7th Marquess of Groppoli
- Full name: Giuseppe Maria Brignole-Sale
- Born: 18 February 1703 Palazzo Rosso, Republic of Genoa
- Died: 6 January 1769 (aged 65) Palazzo Rosso, Republic of Genoa
- Spouse: Maria Anna Balbi
- Issue: Maria Caterina, Princess of Monaco
- Father: Anton Giulio Brignole-Sale
- Mother: Isabella Brignole

= Giuseppe Brignole =

Giuseppe Maria Brignole-Sale (1703-1769) was a Genoese nobleman and father of Maria Caterina Brignole, Princess of Monaco and later Princess of Condé. He was the 7th Marquess of Groppoli. The reigning Albert II of Monaco is a direct descendant.

==Biography==

Giuseppe was the son of Anton Giulio Brignole-Sale, 5th Marquess of Groppoli (1673–1710) and Isabella Brignole, one of the most powerful and wealthy families in the Republic of Genoa. His brothers Gio Francesco Brignole Sale, 6th Marquess (1695–1760) and Rodolfo Brignole-Sale, 8th Marquess (1708–1774) acted as Doges of Genoa.
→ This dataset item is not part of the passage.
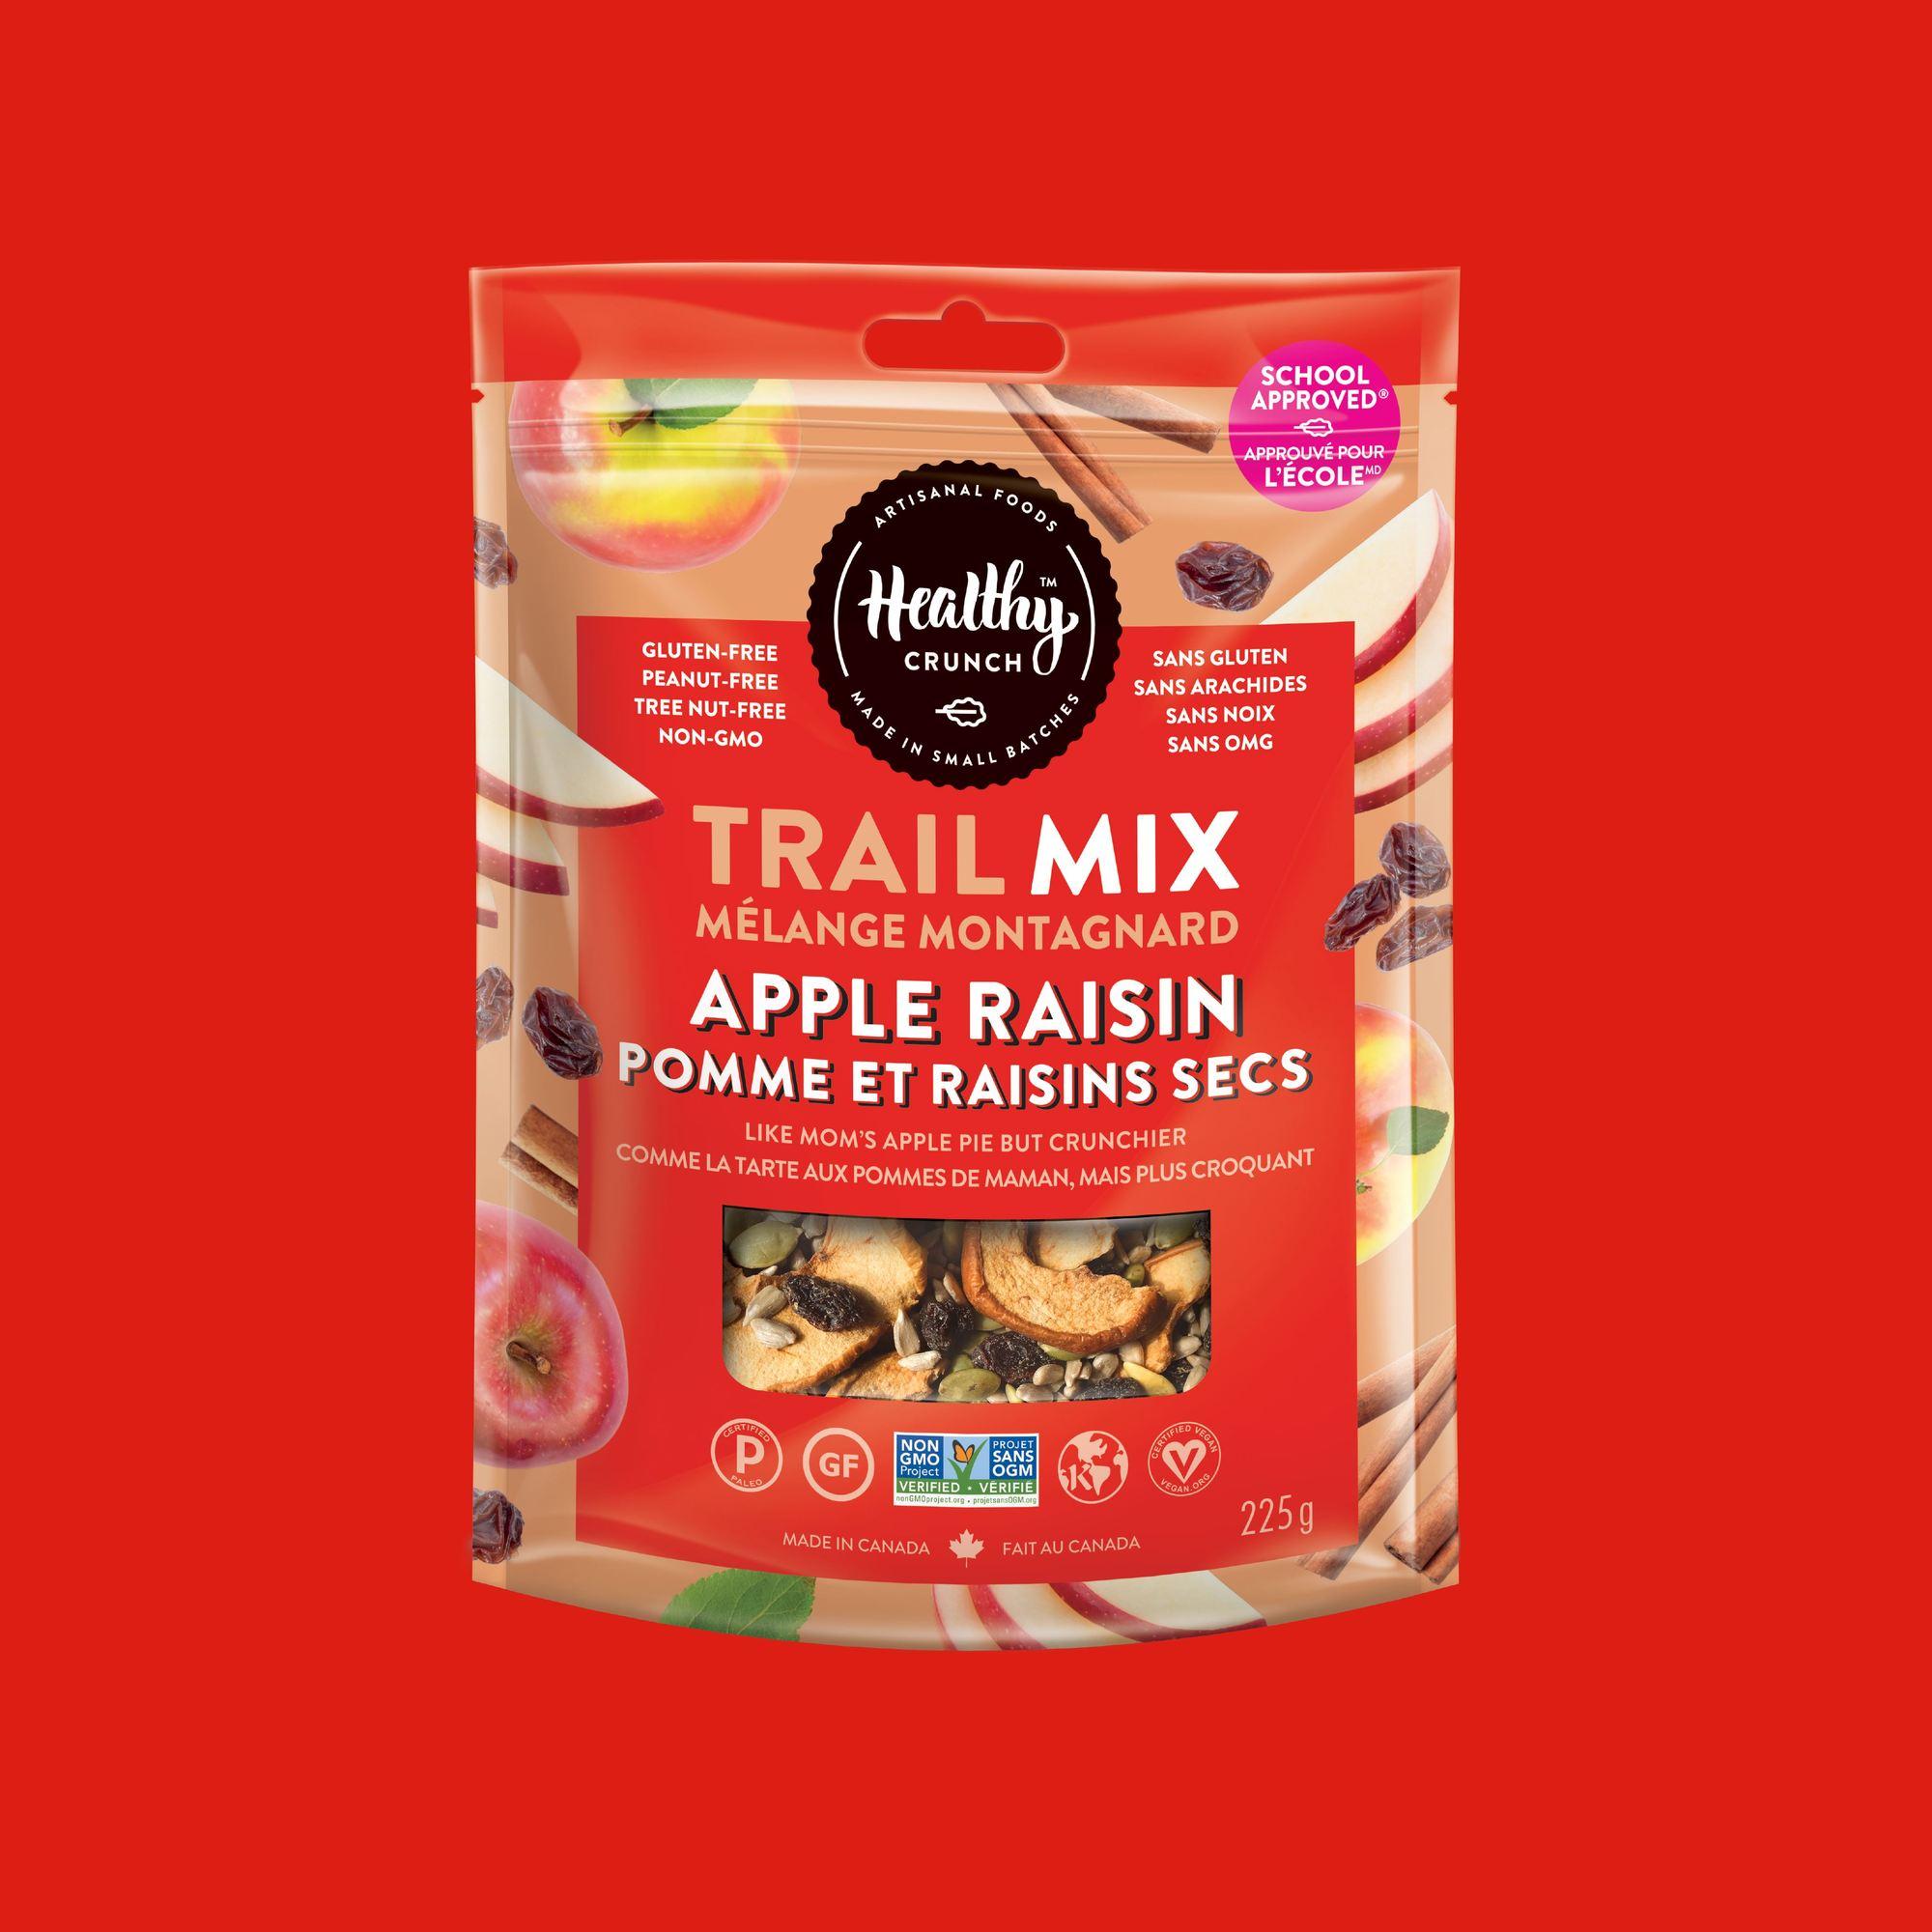 Apple Raisin Trail Mix

At the premature death of his older brother Gian Giacomo, Giuseppe married his own sister-in-law Maria Anna Balbi, a member of the powerful Balbi family. Balbi would later become the mistress of Honoré III, Prince of Monaco, the couple's first son-in-law. She was also the mistress of the maréchal de Richelieu.
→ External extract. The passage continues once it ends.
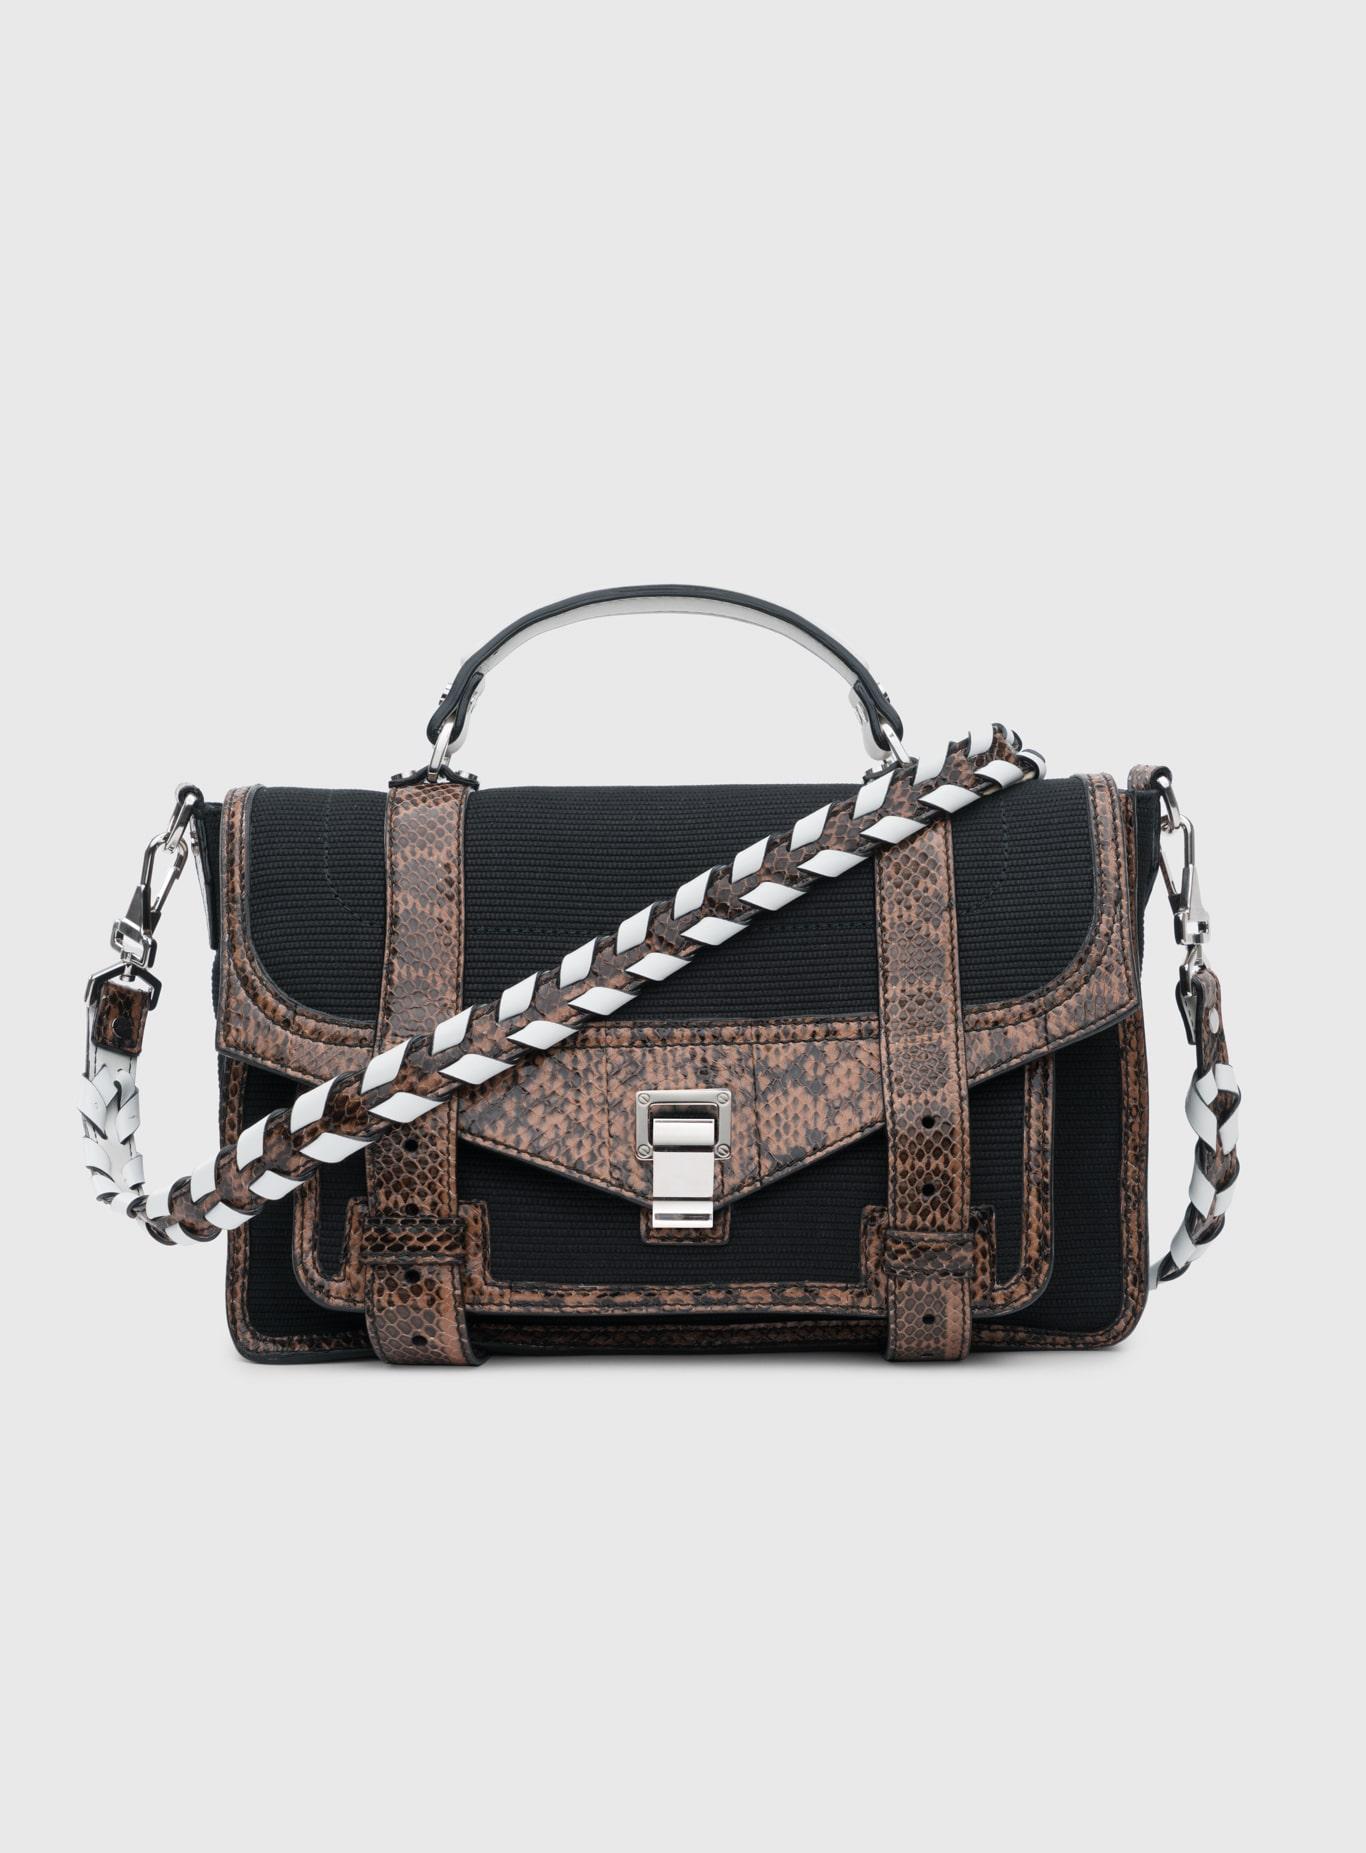 5d51e846da Proenza Schouler Resort 2017 Bag Collection | Spotted Fashion

Like his brothers, Brignole acted as ambassador to the Palace of Versailles. When his wife took their young daughter to Versailles, his wife became an instant success and would frequent the palace and Paris as much as she could. While at Versailles, his wife started an affair with the young Honoré III, Prince of Monaco and when she suggested that their daughter marry her ex lover, Brignole refused fearing for his reputation. Honoré III pressured for seventeen months but then opened negotiations to marry the daughter of the Duke of La Vallière. However, the French King Louis XV spoiled the relations between Honoré III and the Duke of La Vallière. Negotiations then changed and their daughter Maria Caterina married Honrore III by Proxy on 15 June 1757. Mother and daughter then went to Monaco by ship.
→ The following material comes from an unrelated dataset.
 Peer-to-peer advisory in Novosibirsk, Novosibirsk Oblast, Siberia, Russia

In 1760 he became the 7th Marquess of Groppoli having inherited the title from his brother. At his own death his properties passed to his younger brother Rodolfo Brignole-Sale. Giuseppe died at the Palazzo Rosso in Genoa.

==Issue==

1. Maria Caterina Brignole (7 October 1737 - 18 March 1813) married Honoré III, Prince of Monaco and had issue. Remarried in 1798 to Louis Joseph de Bourbon, Prince of Condé, no issue.